Поразительный сюжетный ход с фотографией любимой девушки, помещенной среди портретов кинозвезд, — это тоже режиссерская находка, подсказанная Высоцким авторам фильма.
Он переживал за друга — из-за травмы головы Абдулов не мог выучить длинный текст, не мог запомнить, что Высоцкого-Жеглова в кино зовут Глебом. Он называл его Стасом. В сцене, когда героя Абдулова выгоняют из милиции, Высоцкий стоял боком и тихо подсказывал другу нужные слова.
В конце июня во время съемок Говорухин вынужден был лететь в ГДР на фестиваль со своей предыдущей картиной «Ветер 'Надежды'» и доверил Высоцкому снять несколько эпизодов. Нужно было снять четыреста полезных метров пленки — это, примерно, 7 дней работы. Высоцкий, под воздействием давно копившегося режиссерского голода, снял материал за четыре дня. Партнеры почувствовали, что у него есть не только задатки режиссера, а и то, что он абсолютно готов к режиссерской работе. И когда вернулся Говорухин, группа встретила его словами: «Он нас замучил!»

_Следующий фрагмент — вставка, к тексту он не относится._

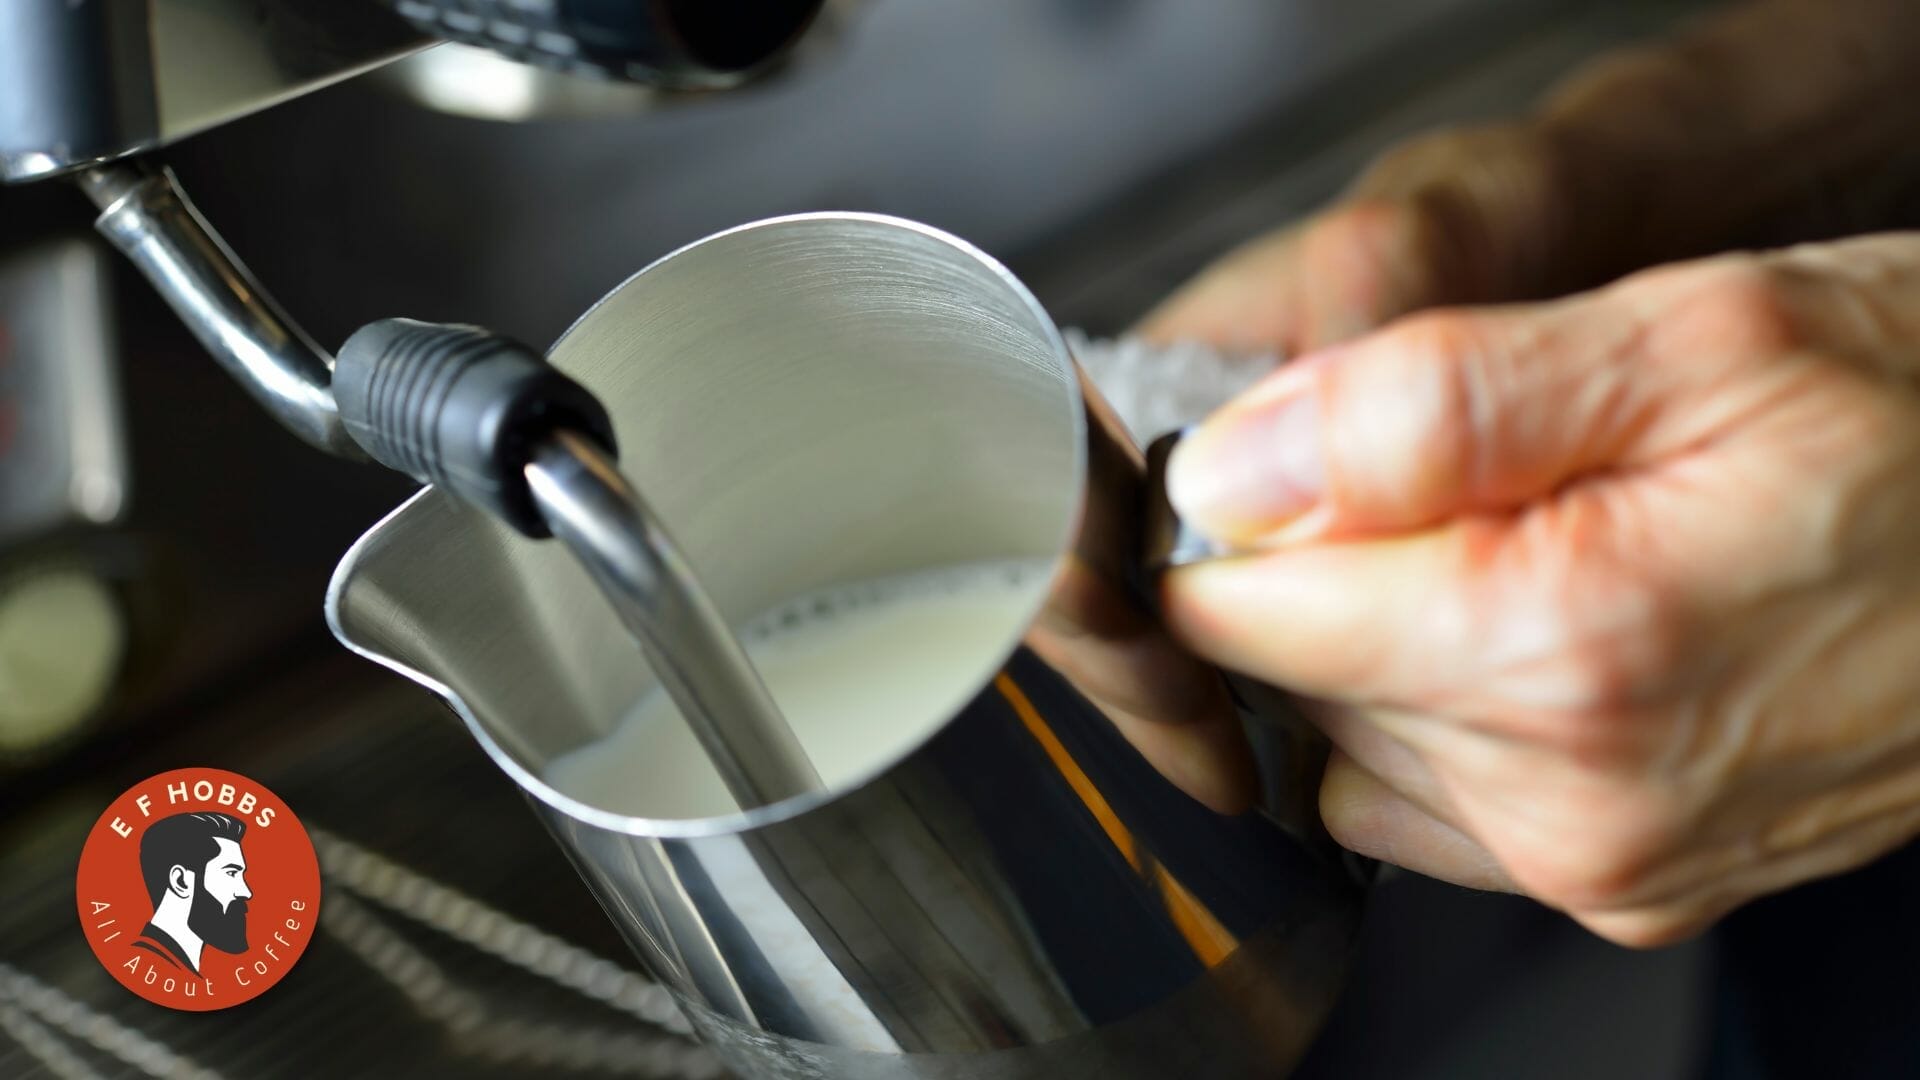 Steam Milk With Delonghi Espresso Machine
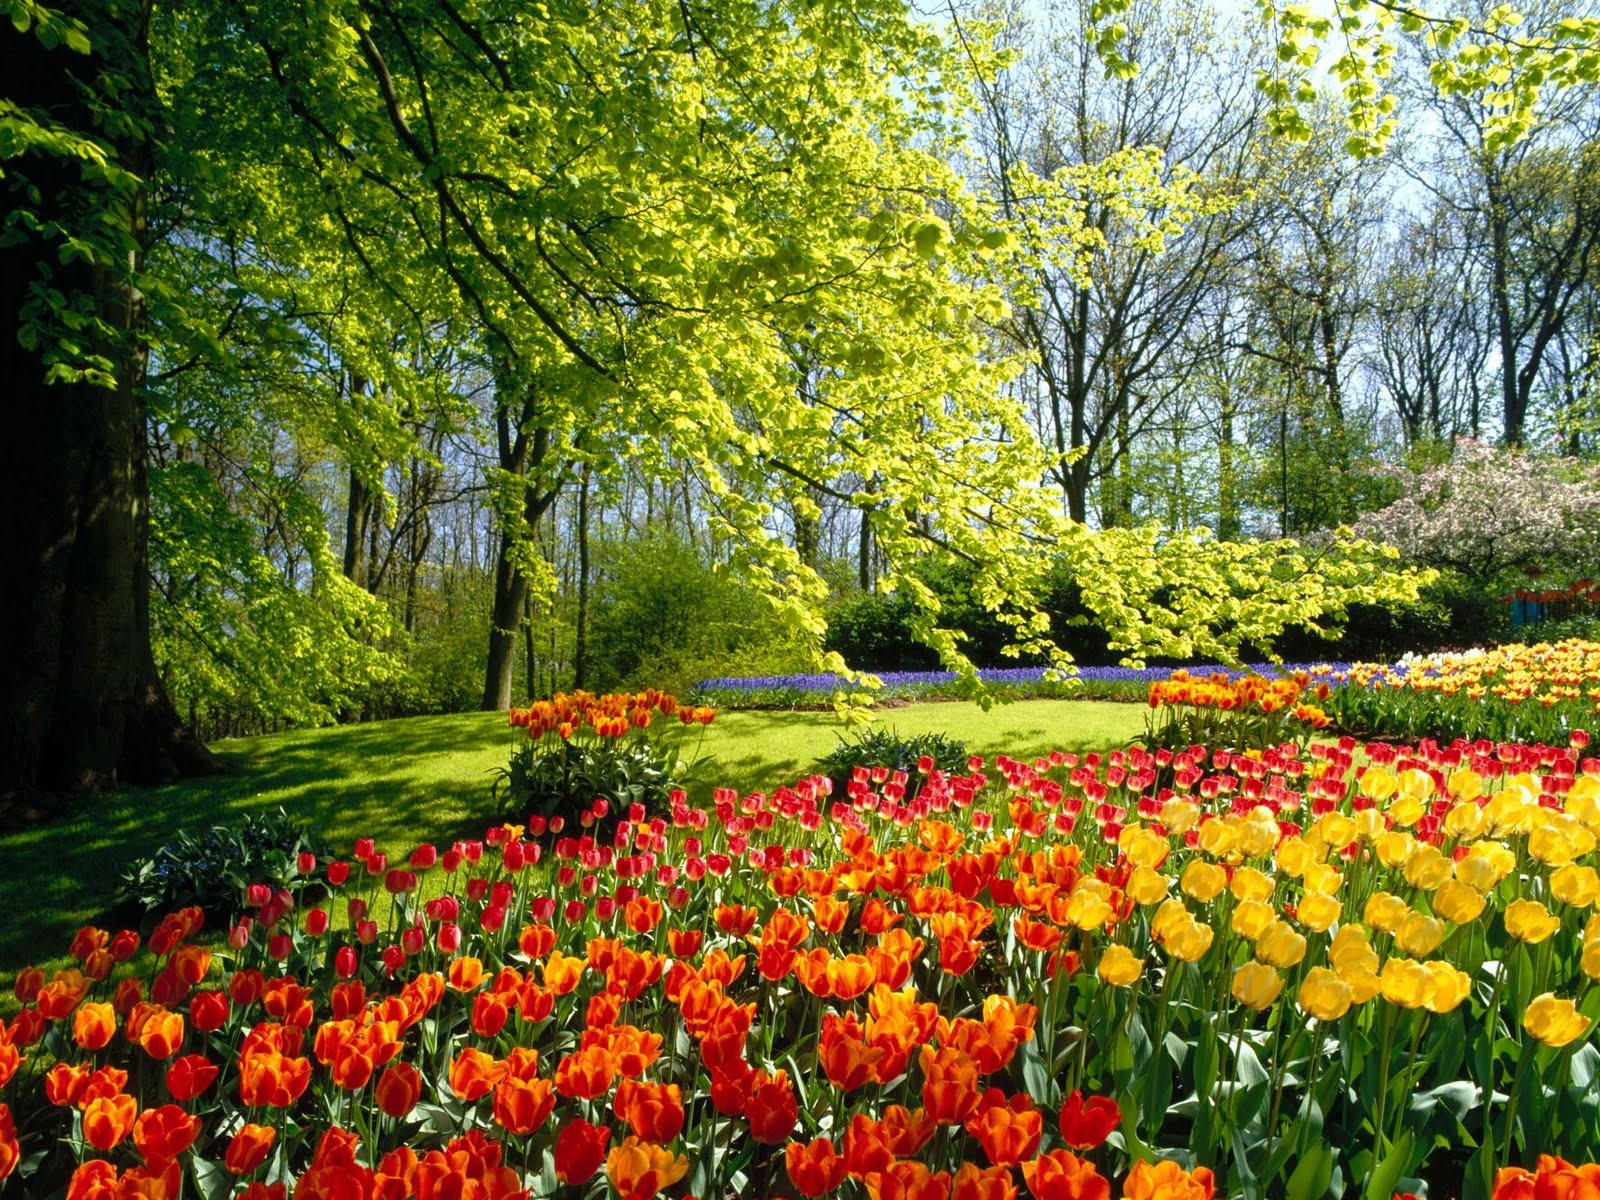 5 flores para una casa preciosa en primavera

С.Говорухин: «Привыкший использовать каждую секунду, он не мог себе позволить раскачиваться. В 9.00 он входил в павильон, а в 9.15 уже начинала крутиться камера. И никогда на полчаса раньше, чем кончалась смена, не уходил никто. В общем, если бы в этой декорации было не 400 метров, а в десять раз больше, то он за неделю моего отсутствия снял бы весь фильм... Все, что он снял, вошло в картину».